THE DATA below:

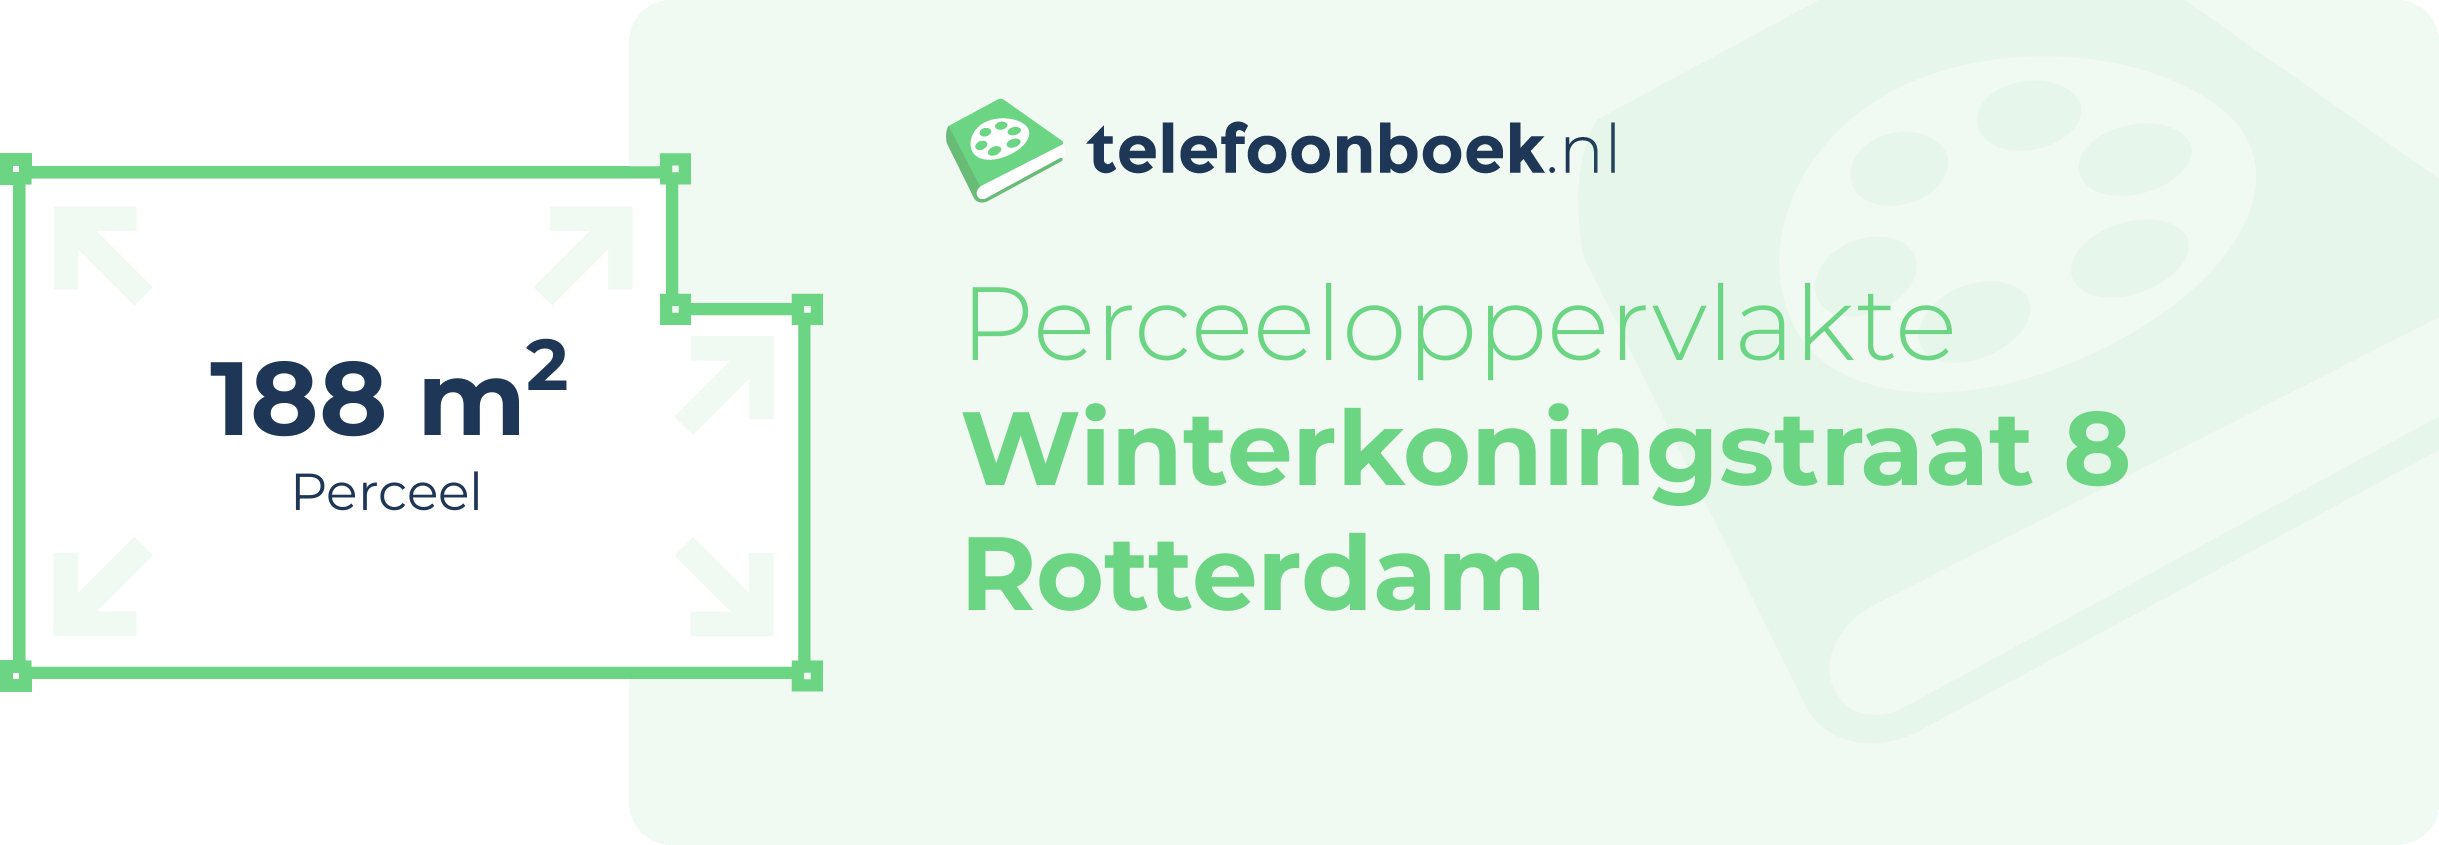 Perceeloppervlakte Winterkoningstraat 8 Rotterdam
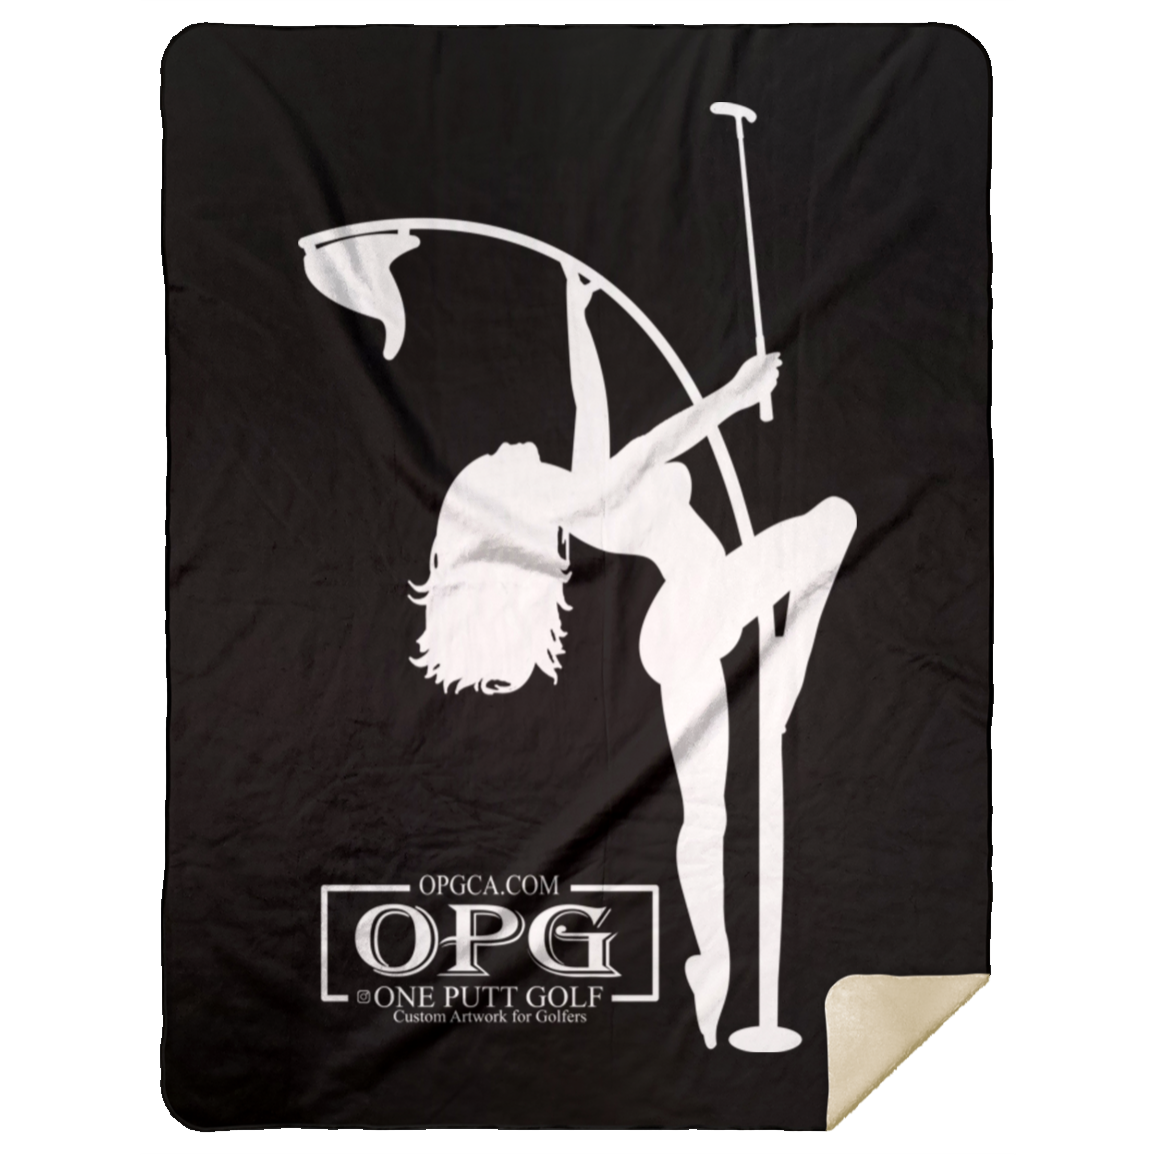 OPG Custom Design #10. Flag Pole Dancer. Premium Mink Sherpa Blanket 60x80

End of THE DATA.
THE DATA below:

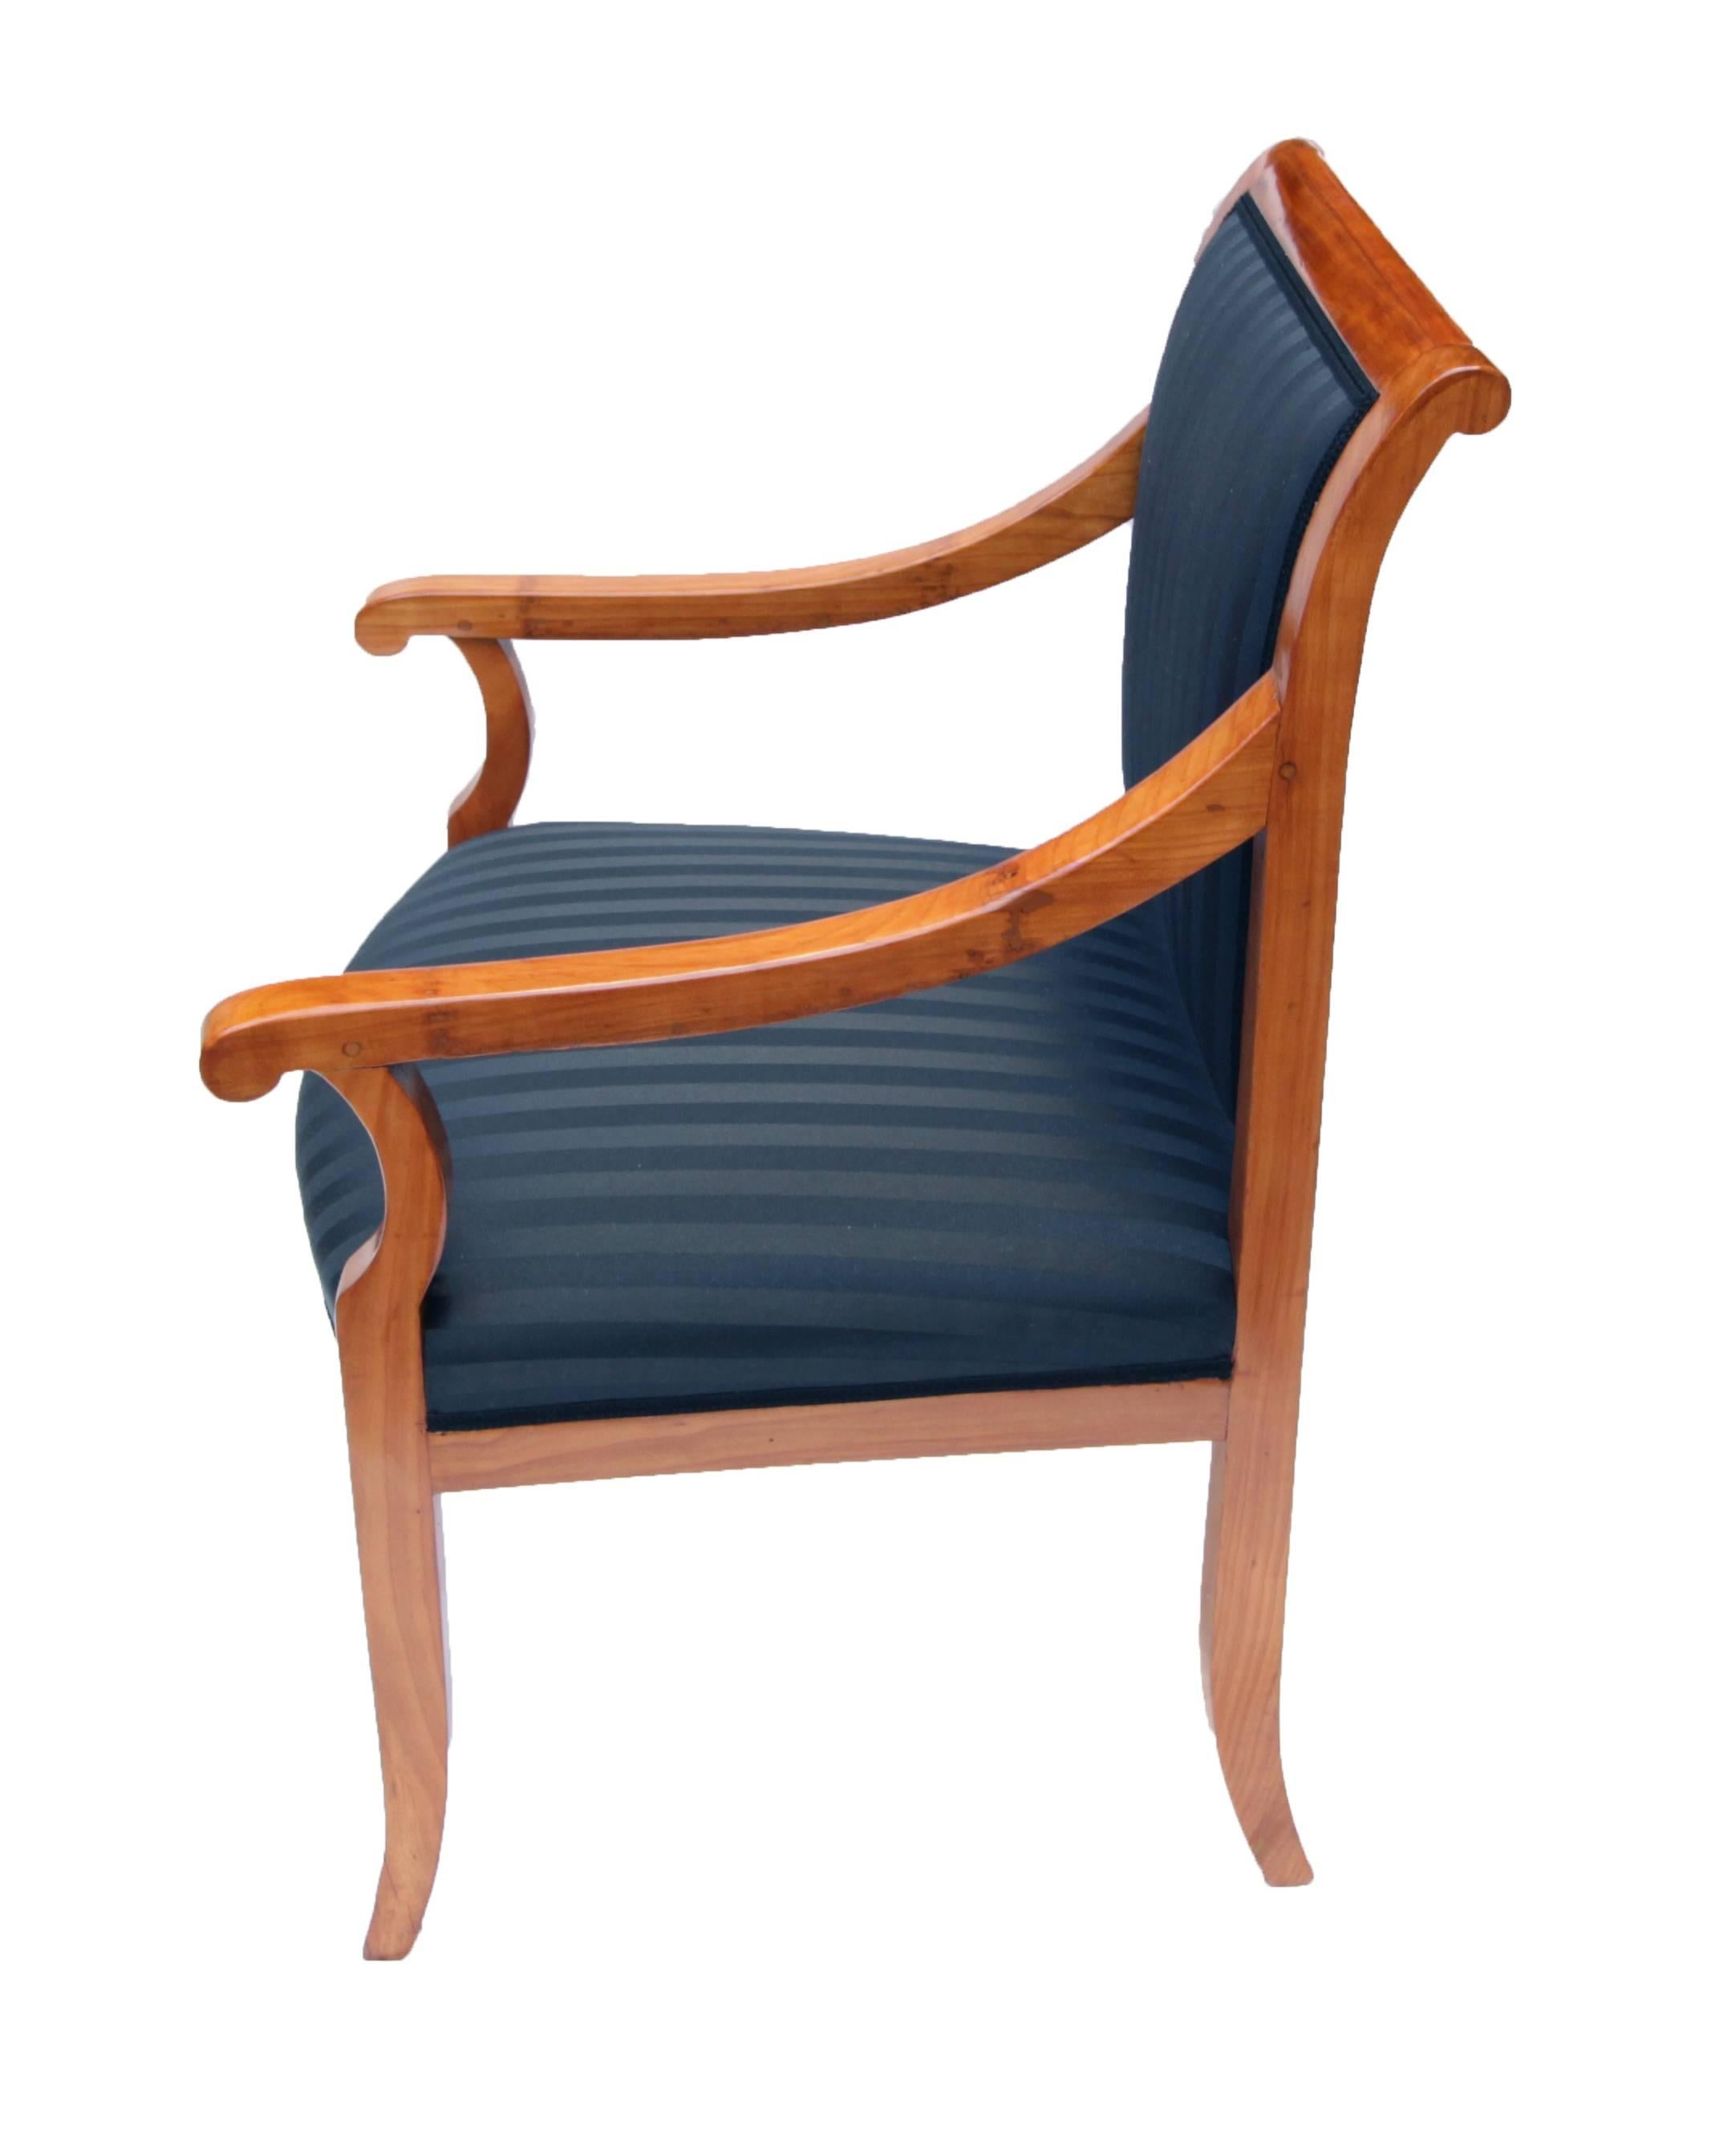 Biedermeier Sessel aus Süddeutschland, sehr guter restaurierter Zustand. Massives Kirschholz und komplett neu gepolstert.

End of THE DATA.

WHAT THIS TASK INVOLVES: Leaving out the pictures, please output the lines in the entries above from the one with "Perceeloppervlakte Winterkoningstraat 8" through the one with "OPG Custom Design", exactly as they are.

SOLUTION TO THE PROBLEM:
 Perceeloppervlakte Winterkoningstraat 8 Rotterdam
 OPG Custom Design #10. Flag Pole Dancer. Premium Mink Sherpa Blanket 60x80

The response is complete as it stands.